Peer Effects of Migrant and Left-behind Children: Evidence from Classroom Random Assignment in China

59 Pages Posted: 12 Aug 2019 Last revised: 24 Jul 2020

See all articles by Zibin Huang

Zibin Huang

Department of Economics, University of Rochester

Date Written: June 26, 2020

Abstract

In this study, we investigate the peer effects of domestic migrant children and left-behind children on their classmates. Left-behind children are the children who are left in their hometown when their parents migrate. We exploit the large-scale random assignment of students into classes within schools in China to deal with the identification challenge due to the self-selection of students, which is rarely seen in other countries. Results show that an increase of ten percentage points in the proportion of left-behind peers and the proportion of migrant peers in the class results in a decrease of 0.12 and 0.06 standard deviations in a student's test score, respectively. However, the negative peer effects of left-behind peers are halved and the negative peer effects of migrant peers are totally erased in the second year.
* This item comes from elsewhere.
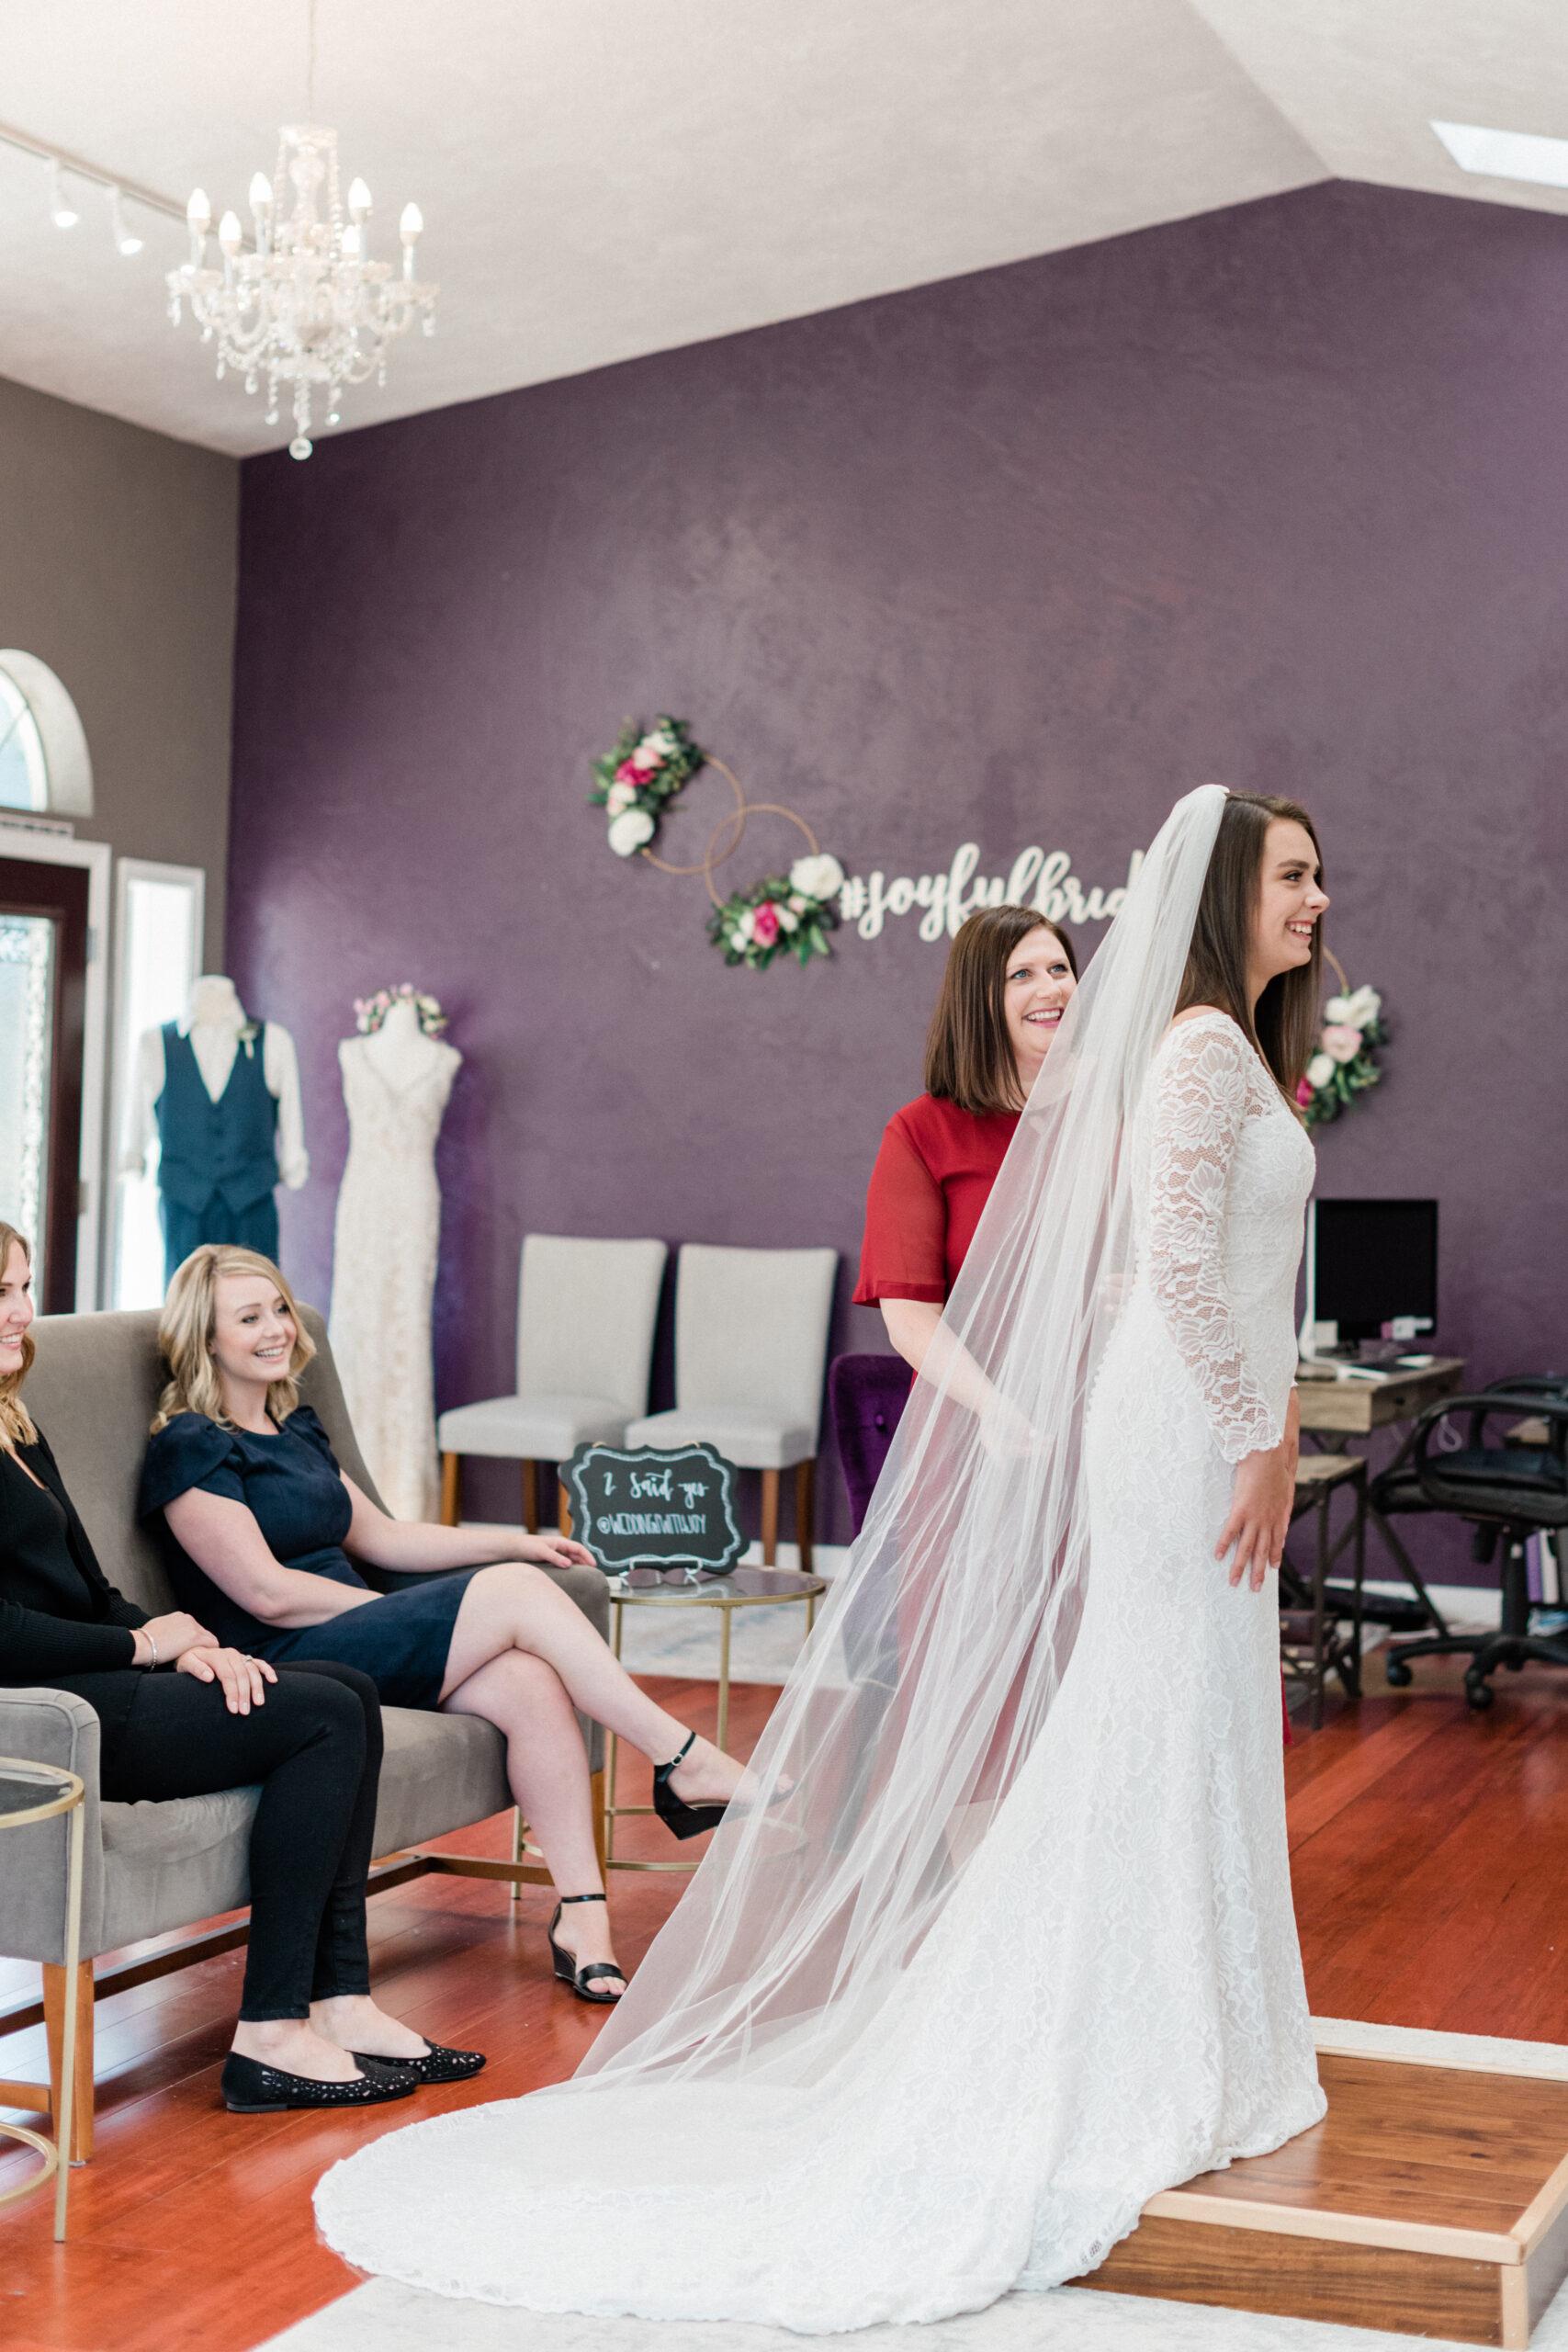 Wedding dress boutique shop owner.

The reduction can be attributed to an improved class environment, such as students' relationships. Left-behind students' misbehavior due to the lack of parents' supervision may cause long-lasting damage and negative spillover. In addition, the indirect channel of family background of migrant and left-behind students explains only part of the peer effect. Relaxing the enrollment restriction of migrant students and encouraging migrant parents to take their children with them might reduce the overall negative spillovers.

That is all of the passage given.